By Shawn Kennedy, AJN editorial director/interim editor-in-chief
Nurses of course work shifts—in my first year in the ER, I rotated monthly: one month on days, one on evenings, and one on nights. Nights were the hardest—coming to work at 11:30 pm when everyone else was still partying or heading to bed. Then trying to sleep in a 3rd floor apartment on Second Avenue in Manhattan—you could still hear all the street noises with the windows closed. You never quite felt yourself on a night shift.
But eventually you found ways to deal with sleeping—you got used to the noise and the light (earplugs and sleep masks helped). And then there was coffee or Coke or Pepsi and chocolate; for some it was NoDoz because they didn’t like coffee. Many of us found it worked well to sleep once kids went off to school and until they got home; that allowed for some errands to get done and for some family time at dinner. Then, a quick “laydown” for a nap around 9 pm for an hour or so was enough to get us through the night shift. Colleagues without children would head right out to do chores early in the morning and then head home to sleep from 1 pm to 9 pm. Summers were great—we’d all head to the beach right off shift at 8 am, have the beach to ourselves until noon, and then head home to sleep. We all eventually found our method or “drug of choice.”
But now there is a real drug that’s being marketed to nurses and other health and shift workers.
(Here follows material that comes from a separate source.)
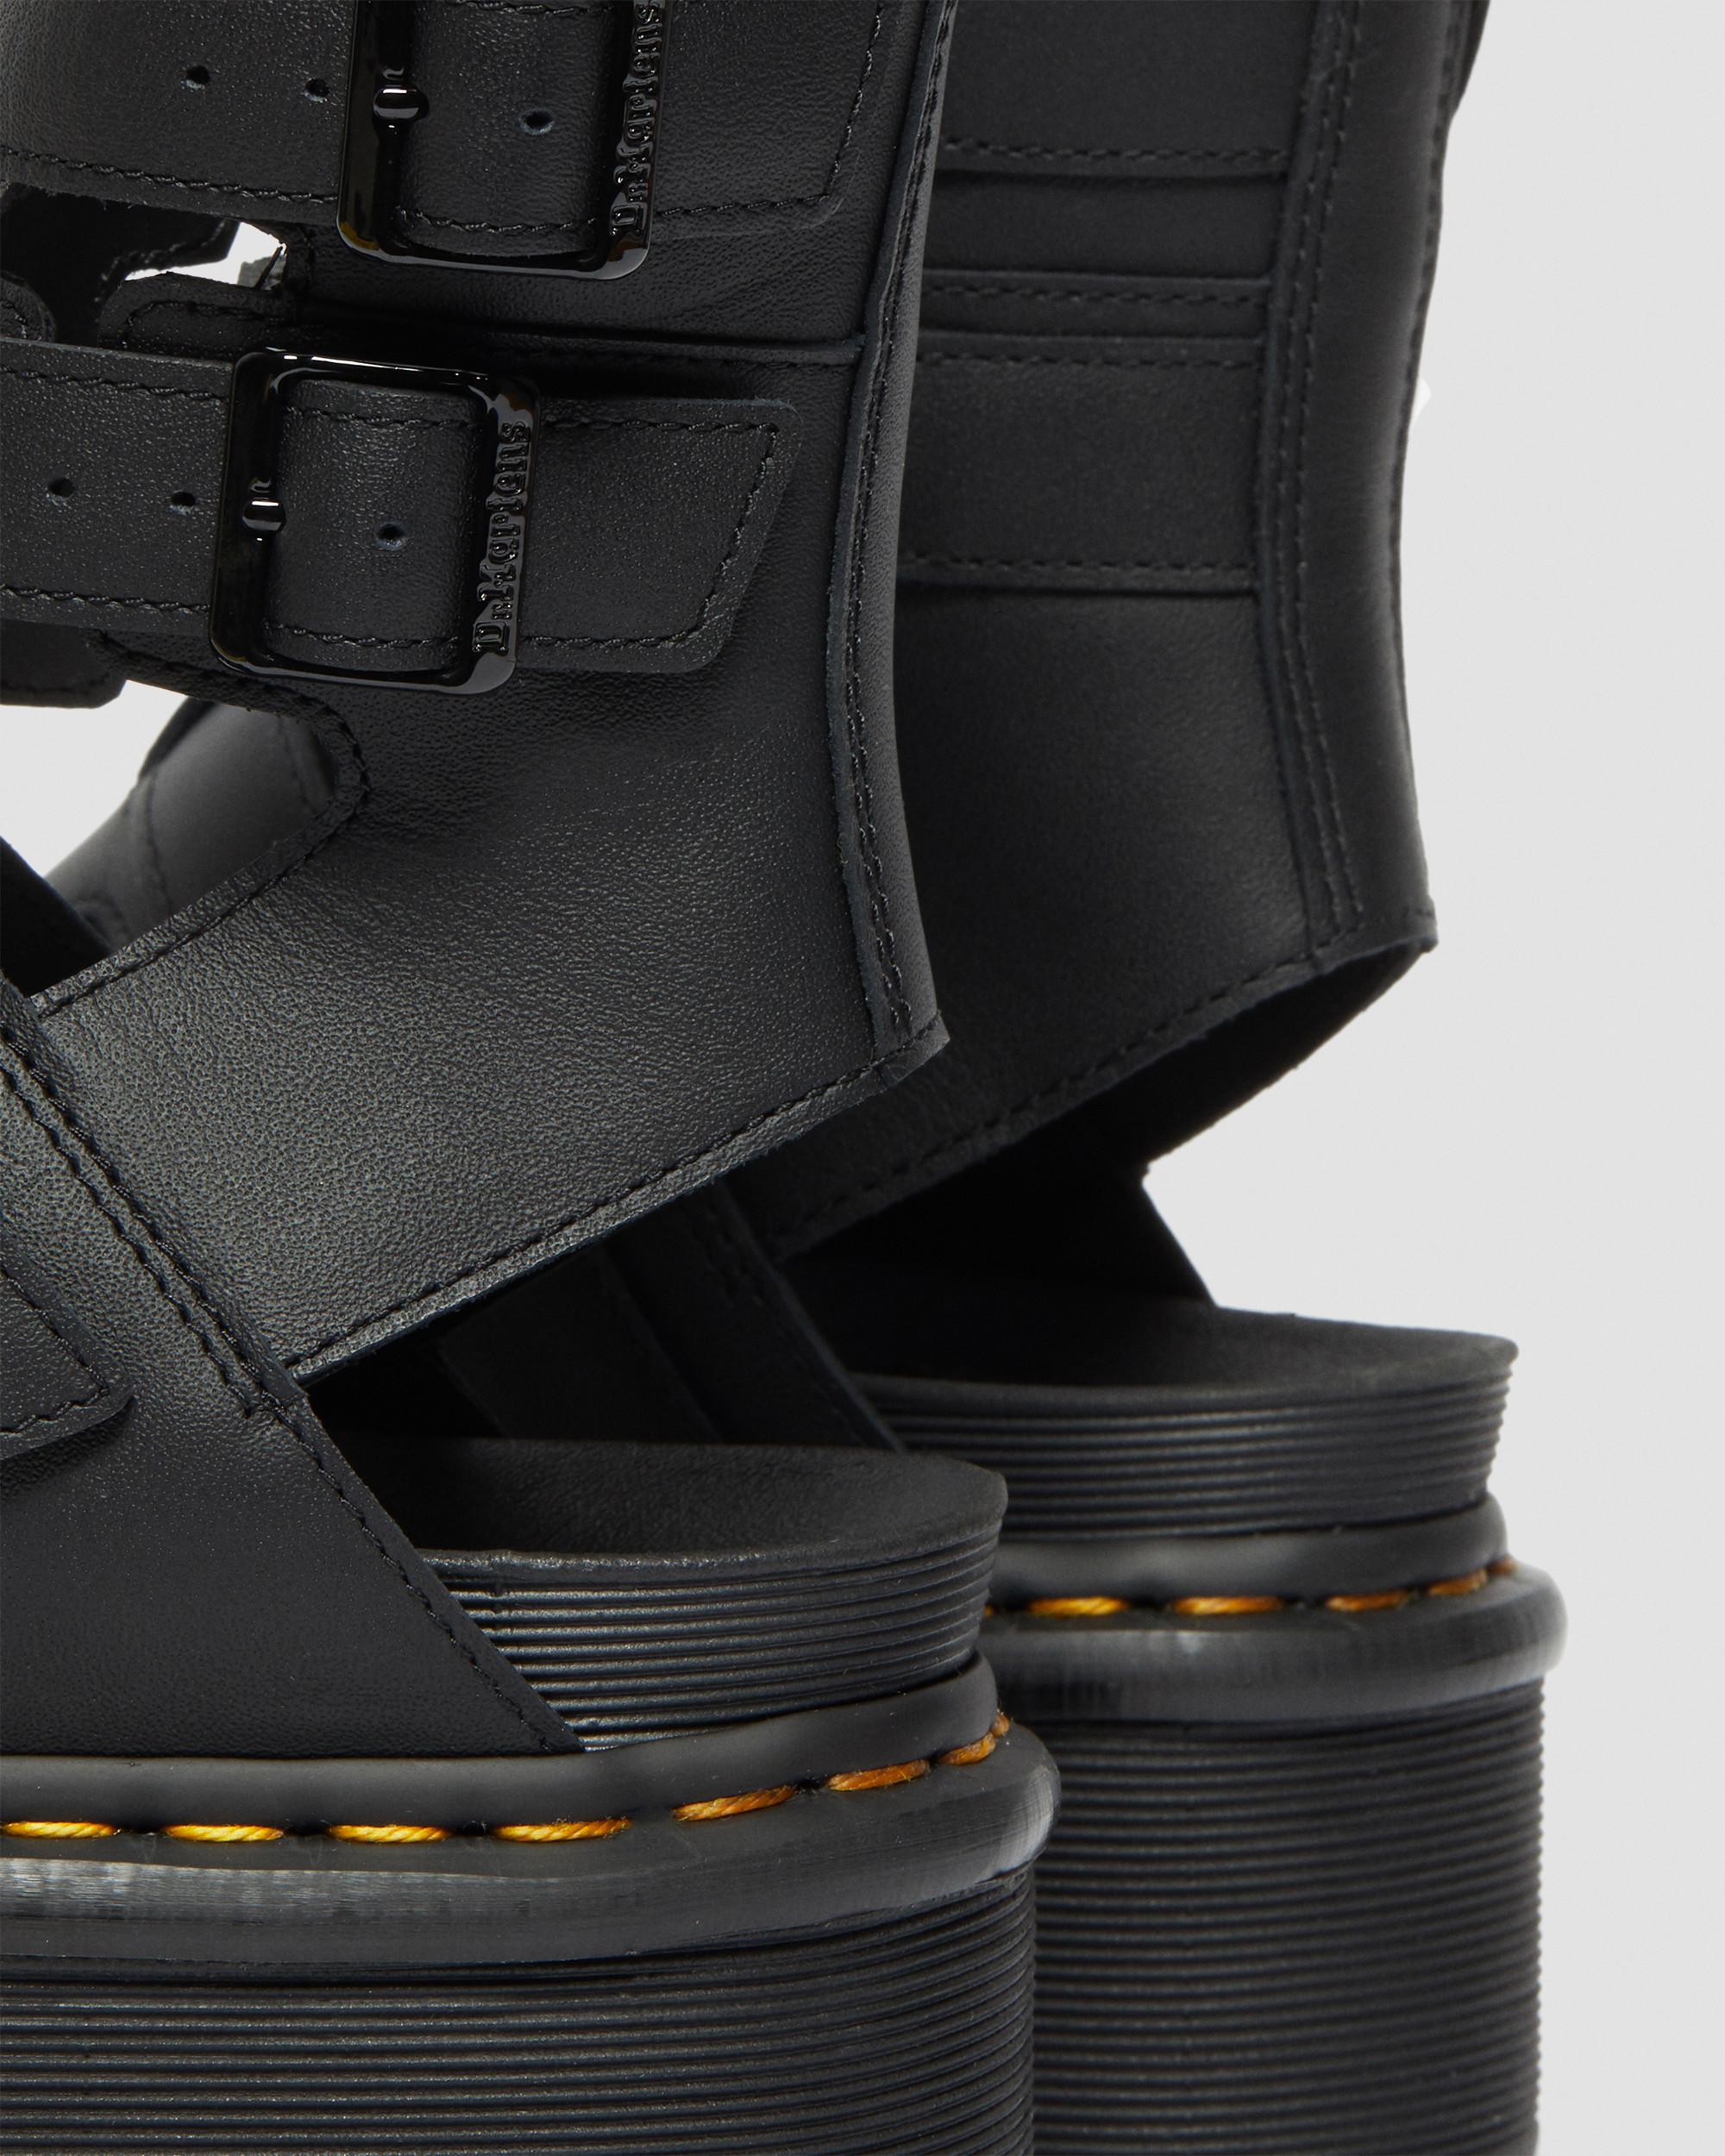 Giavanna Leather Platform Gladiator Sandals in Black | Dr. Martens

Apparently “shift work sleep disorder” is a real diagnosis and the FDA has approved Nuvigil (armodafanil) as a treatment. (In fact, treating shift work fatigue with prescription drugs isn’t as new as I’d thought: Nuvigil is the company’s chemically similar successor to Provigil [modafinil], a previously-FDA-approved drug that is soon to be available in generic form.)
At first I thought it was cynical to market a drug to treat ordinary sleepiness due to shift work—a condition we didn’t use to describe as a “disorder.” But as I thought more about it, I wondered what the difference really is between taking an FDA-approved prescription and drinking four or five cups of coffee, or popping some NoDoz caffeine pills?
I did check the drug information about armodafanil. It was studied in four clinical trials involving 1,100 people; trials did not last longer than 12 weeks (so no long-term study).
I learned that, while the chance of adverse effects seems relatively minimal,
“NUVIGIL is a federally controlled substance (C-IV) because it has the potential to be abused or lead to dependence. And patients should be cautioned about operating an automobile or other hazardous machinery until they are reasonably certain that NUVIGIL therapy will not adversely affect their ability to engage in such activities.”
So I wonder: does manipulating multiple central lines count as “hazardous machinery”? Does working with ventilators and arterial lines and calculating dosages for vasoactive medications for neonates count as hazardous machinery? Perhaps before prescribing this medication for shift workers, one should do a clinical trial evaluating the drug in real world use, where the real world problems will occur. Or maybe hospitals could have nap rooms where workers could take a break and get a bit of sleep to refresh themselves. (And how many of us have never taken an opportunity to catch a short nap on our break? Researchers say it’s time we acknowledge it and openly allow it.)
And then there’s this: as a pharma-watchdog blog pointed out just yesterday, European regulators have expressed concerns about Provigil, pointing to “safety concerns over psychiatric disorders, skin and subcutaneous tissue reactions . . . ” For now they are restricting the drug’s use to just the treatment of narcolepsy, while ruling it out for the treatment of excessive sleepiness associated with shift work sleep disorder, hyerpsomnia, and sleep apnea. Will Nuvigil be next?